Nematicidal activity of multi‐halogenated indoles against
Caenorhabditis elegans
Vrajesh Devang Divecha, Bharath Reddy Boya, Jin‐Hyung Lee, Jintae Lee Abstract
BACKGROUND
Plant‐parasitic nematodes (PPN) cause annual crop losses exceeding US$157 billion worldwide, and escalating resistance to conventional nematicides demands novel chemical scaffolds. Although indole derivatives exhibit broad‐spectrum bioactivity, the nematicidal potential of multi‐halogenated indoles remains underexplored. This study evaluates 50 halogen‐substituted indoles for nematicidal activity using Caenorhabditis elegans as a proxy nematode model, with mechanistic investigation through phenotypic, in vitro , and in silico approaches.
RESULTS
Fifty multi‐halogenated indoles were screened for nematicidal activity. Particularly, 4,5‐dichloroindole (45DCI), 4,6‐dibromoindole (46DBI), and 4,6‐dichloroindole (46DCI) displayed rapid and potent nematicidal effects in C. elegans , with an LC 95 value of 6 μg mL −1 . The best hit compound, 45DCI, reduced locomotion from 13 to 8 thrashes per min at 3 μg mL −1 , egg‐hatching rates to 31% at 6 μg mL −1 , and larval progression by 85% at 4 μg mL −1 . 45DCI markedly elevated intracellular reactive oxygen species (ROS) and lipofuscin accumulation, indicating accelerated aging.
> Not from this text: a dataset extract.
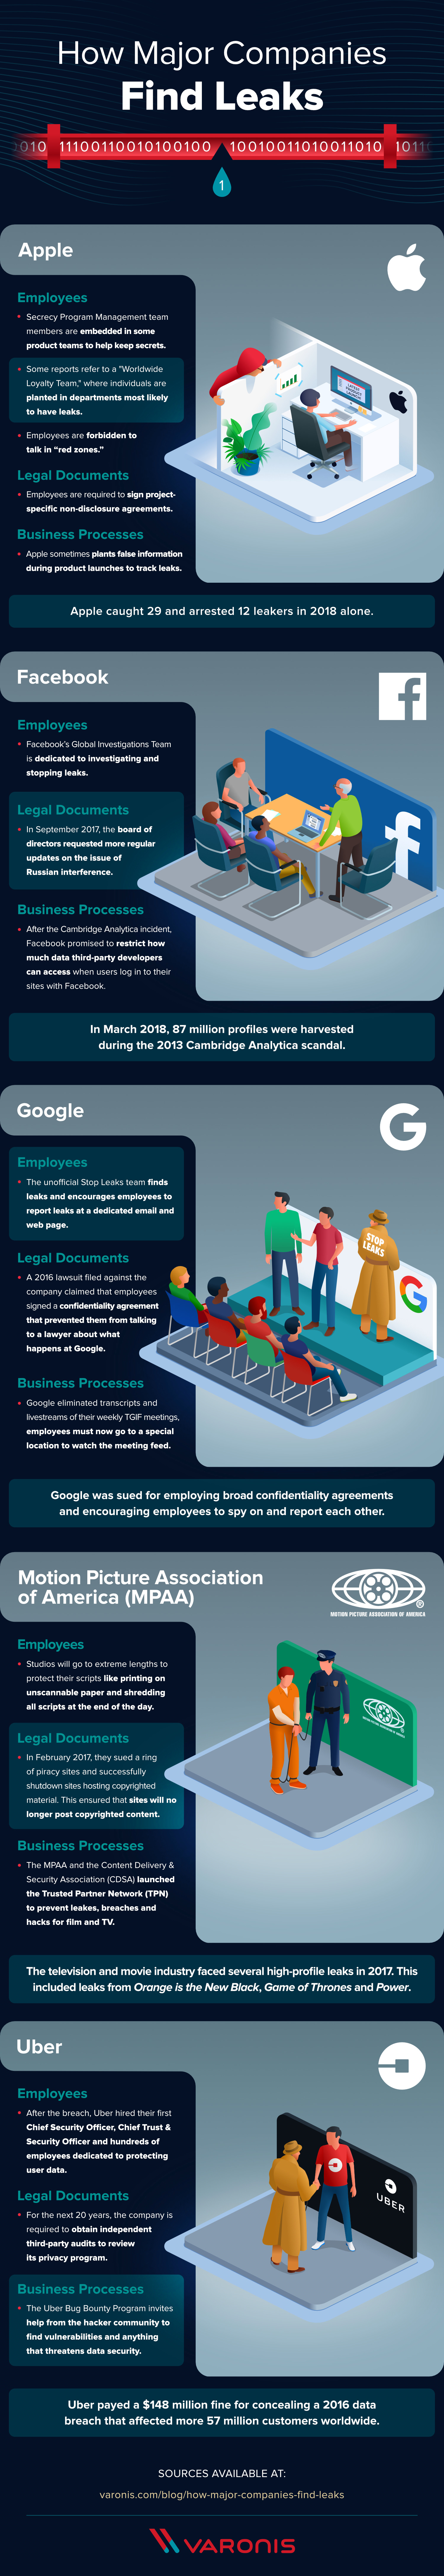 how major companies find leaks infographic

Molecular docking analysis predicted strong binding interactions with glutathione S ‐transferase‐5 (GST‐5), a key enzyme in oxidative stress response in C. elegans . The QSAR analysis indicated that the halogen substitution at the C4, C5, C6, and C7 positions of the indole ring increases nematicidal potency.
CONCLUSION
Di‐halogenated indoles, particularly C4/C6‐substituted derivatives, exhibit potent multi‐stage nematicidal activity in the free‐living model nematode C. elegans , disrupting locomotion, development, and stress tolerance through ROS induction. While molecular docking indicates a potential mechanism via GST‐5 inhibition, experimental validation is required to conclusively establish this mode of action. These findings provide preliminary evidence supporting further evaluation of di‐halogenated indoles against PPN species. © 2026 Society of Chemical Industry.